Use Cases  •  Defense, Use Cases

Use case : multi-mission frigate

Context

As part of its naval operations, the multi-mission frigate is equipped with a high-performance sonar, an electronic instrument essential to maritime defense missions. Unlike radars, which use electromagnetic waves, sonar perates by transmitting and receiving acoustic waves, which have the particularity of propagating well in water. This system enables us to detect and analyze the underwater environment, by capturing the echoes returned by submerged objects.

Multi-mission frigate sonar plays a crucial role in anti-submarine warfare, particularly in detecting the presence of enemy units, such as hostile submarines seeking to approach discreetly. It is also used to map the seabed to identify landforms, obstacles, mines and wrecks. This type of tracking enables the frigate to navigate in complete safety, even in shallow or unfamiliar areas.

Thanks to this system, the multi-mission frigate benefits from a very high level of underwater surveillance, detection and analysis capability, making it a strategic player in the protection of sensitive maritime zones.

 

Needs

Given the extreme conditions in which it operates: prolonged immersion, mechanical shocks, salinity, temperature variations, interference. Sonar is exposed to the risk of premature aging, performance drift or partial failure.
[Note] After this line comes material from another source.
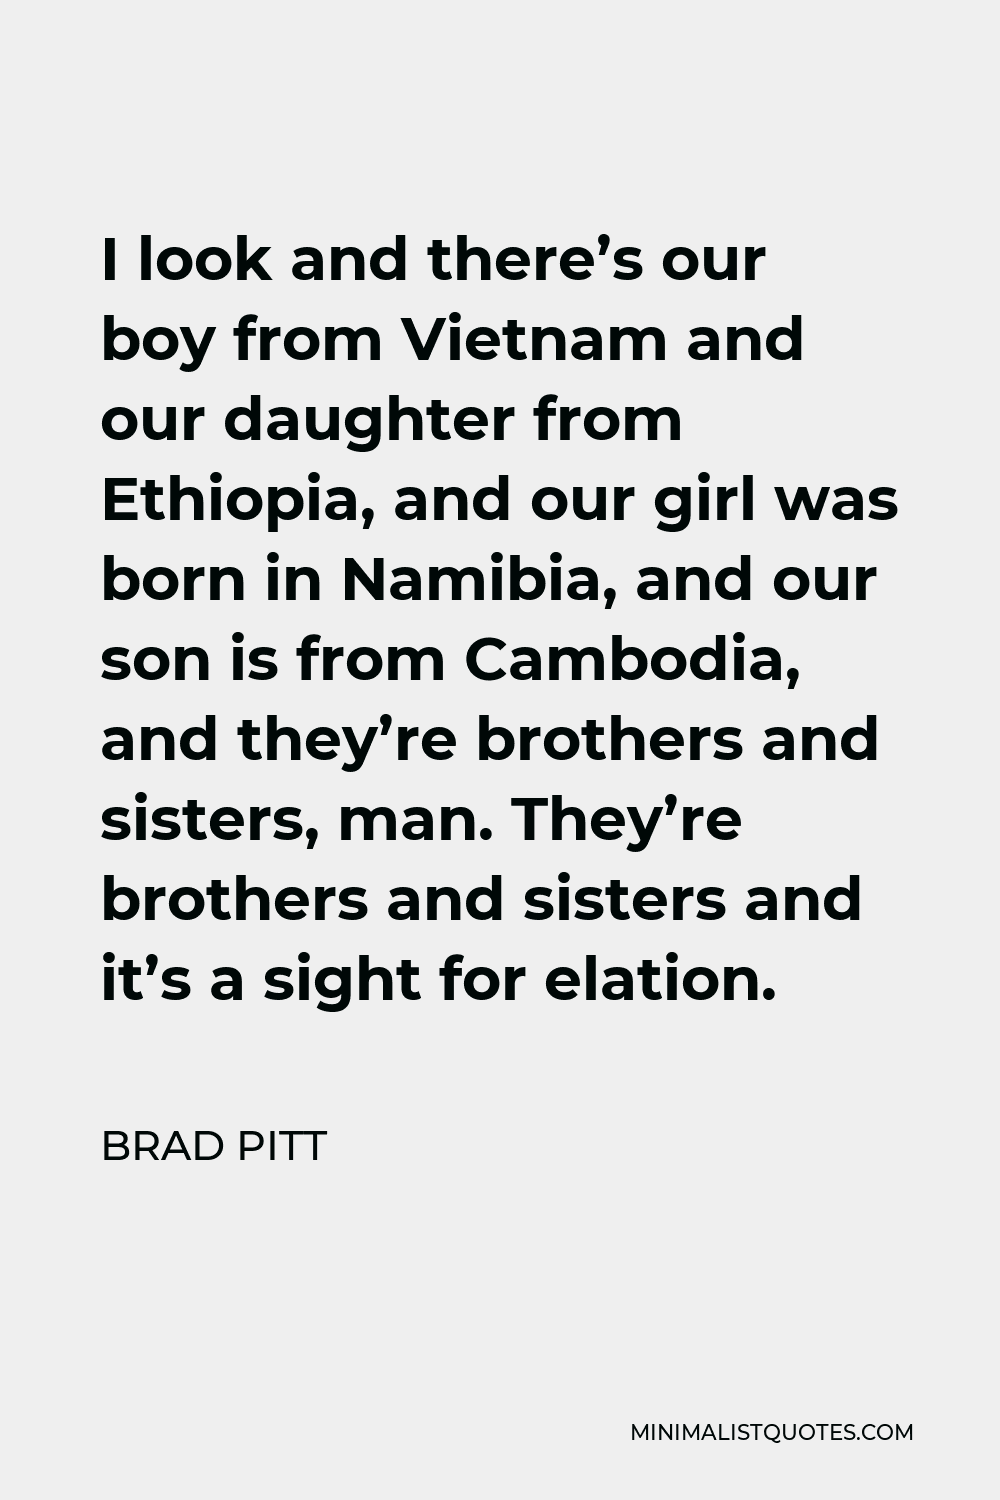 Brad Pitt Quote - I look and there’s our boy from Vietnam and our daughter from Ethiopia, and our girl was born in Namibia, and our son is from Cambodia, and they’re brothers and sisters, man. They’re brothers and sisters and it’s a sight for elation.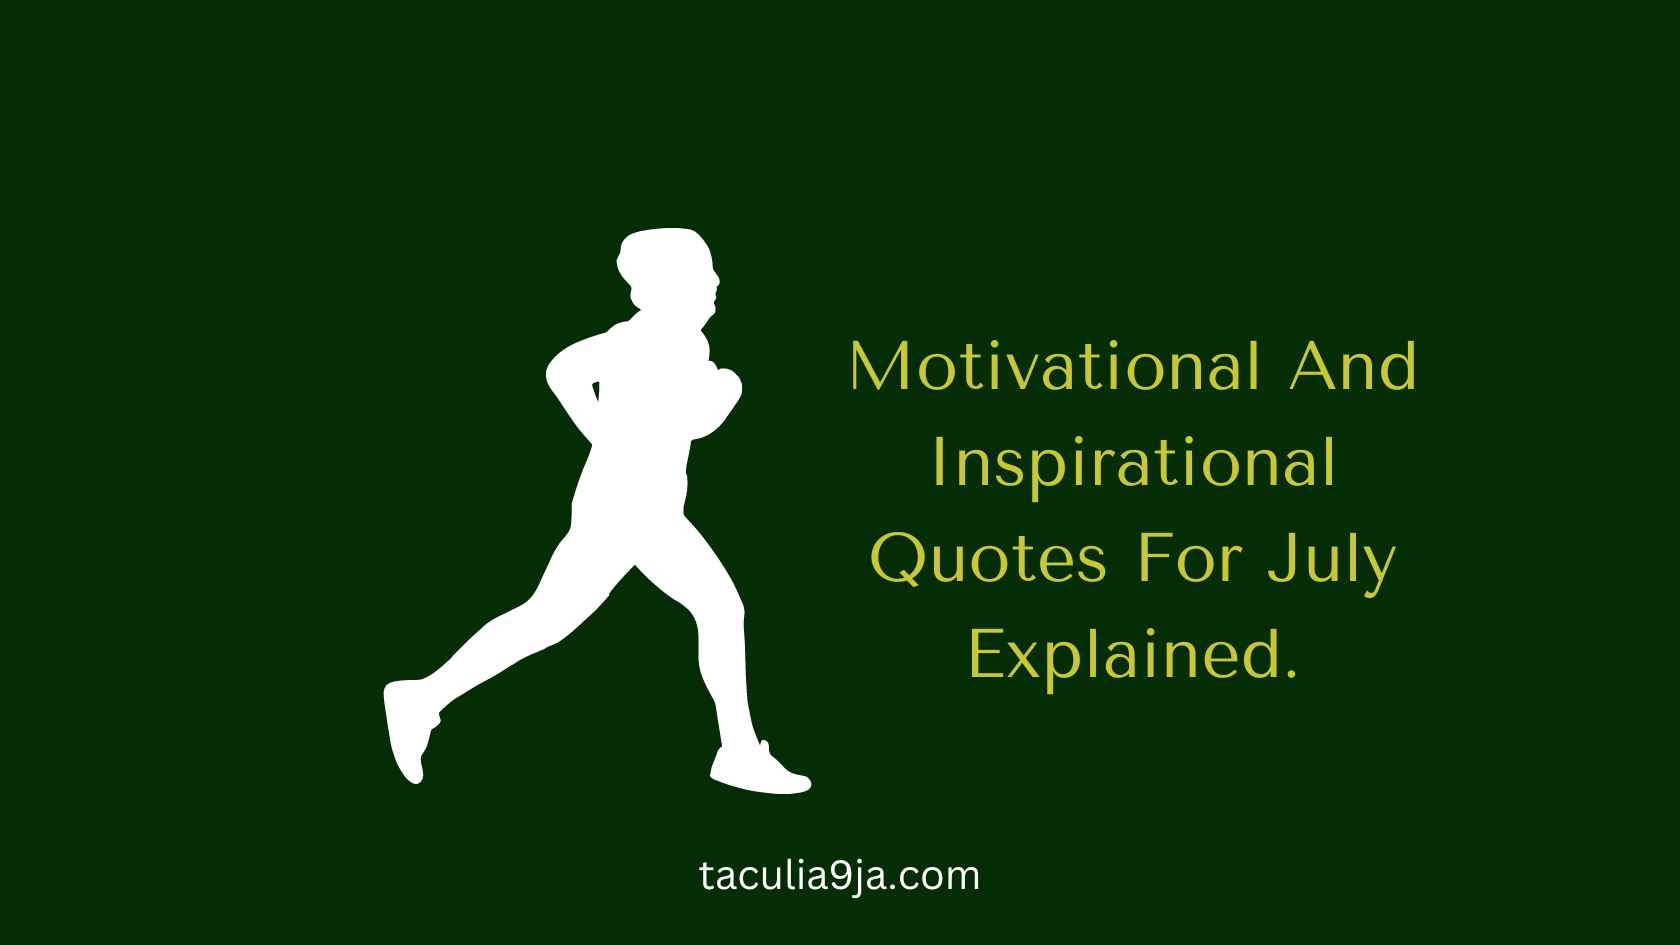 motivational and inspirational quotes for July explained

It is therefore crucial to be able to detect signs of degradation at an early stage, whether they relate to on-board electronics, acoustic sensors, mechanical actuators or signal processing software.

What’s more, breakdowns in this type of equipment do not always occur suddenly. They often set in gradually, over time, in the form of discrete anomalies, difficult to distinguish from slightly disturbed normal behavior. The system therefore needs mechanisms capable of identifying these atypical behaviors in temporal data, and linking them to phenomena of failure or loss of performance.

Finally, to optimize maintenance and avoid unplanned sonar unavailability that could compromise the frigate’s mission, we need intelligent monitoring of the system’s state of health, based on actual operating data and not just on fixed thresholds or planned maintenance intervals. This would make it possible to anticipate technical interventions before failure becomes critically apparent.

Solutions

The DiagFit solution is based on an innovative approach to unsupervised learning, based on the exclusive use of healthy system data to model its normal operating state. This method makes it possible to build a robust repository of nominal behavior, without requiring failure data for learning.

When the system deviates from this normal state, DiagFit is able to automatically detect anomalies, indicating possible drift or degradation. This principle makes the solution particularly well-suited to industrial environments, where failures are rare and difficult to label.

To validate the effectiveness of this approach, DiagFit uses fault labels that are available to measure the accuracy of detection. These validations confirm the model’s ability to identify relevant anomalies in real-life conditions.

DiagFit analyzes system health at two levels:

  • Globally, by assessing the system as a whole,
  • Locally, sensor by sensor, to pinpoint sources of degradation.

Results

Thanks to this approach, DiagFit has demonstrated its ability to detect 100% of labeled faults, while also identifying non-labeled anomalies, thus confirming the robustness and sensitivity of the algorithm to unanticipated degradations.

These performances are achieved without the use of fault data for training, making the solution particularly suitable for industrial contexts where fault events are rare or poorly documented.

In addition, the increased availability of data, particularly in complex or multivariate environments, will further improve model performance, by refining the characterization of the normal state and reducing false positives.

In this way, DiagFit provides a solid basis for the early detection of anomalies, helping to improve predictive maintenance and enhance the reliability of monitored systems.